Summary
I'm writing code with a lot of alerts/confirms and I'm finding it a pain to keep everything rendering the way it should. I just want the snippet below to work as expected. First "Before" should be displayed, then it should wait for the user to confirm the alert box. Then "After" should be displayed.
document.getElementById('display').innerHTML = "Before";
// ALERT
document.getElementById('display').innerHTML = "After";
Tried
I've tried the naive way & the way recommended on a million dupes all over SO with setTimeout()
. (I tried zero & non-zero time
.)
document.getElementById('display').innerHTML = "Before";
alert("Alert Text")
document.getElementById('display').innerHTML = "After";
document.getElementById('display').innerHTML = "Before";
setTimeout(function() {
alert("Alert Text")
}, time);
document.getElementById('display').innerHTML = "After";
In the first case, the stuff before hasn't finished rendering, before alert halts execution.
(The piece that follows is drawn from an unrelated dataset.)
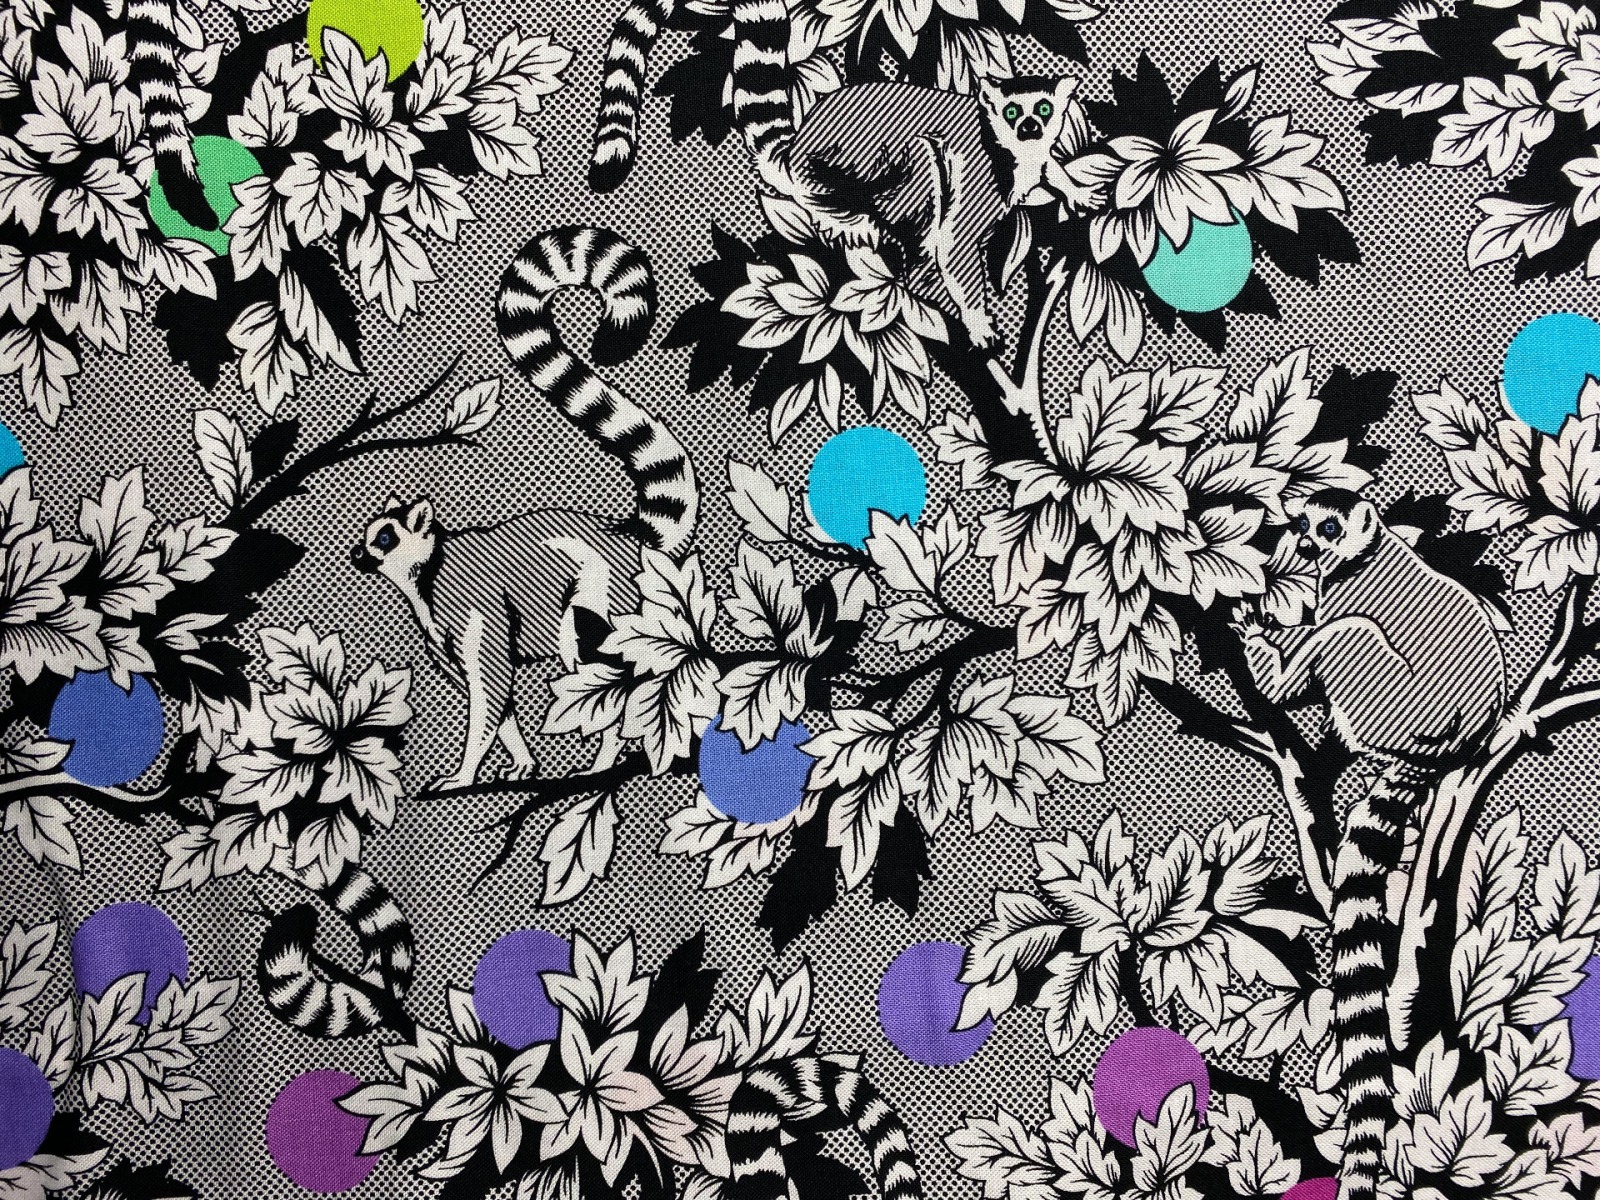 Stoff Lemur Me Alone - 100 Baumwolle - schwarz/weiß - Patchwork - Free Spirit Fabrics - Tula Pink - Kattas -Lemuren 5

And in the second, the stuff below has already begun rendering, replacing the stuff above.
Ideas
One can put everthing below the alert within the setTimeout()
block. Not a terrible hack for one alert. But with lots of alerts, that means lots of nested setTimeout()
, which seems wrong on several levels!
A simple sleep()
would resolve everything. But the accepted SO answer warns never to use sleep()
equivalents in JS, preferring setTimeout()
instead. So back to square 1!
TL;DR: What's the best way to use alert()
so that the HTML before & after are rendered in order?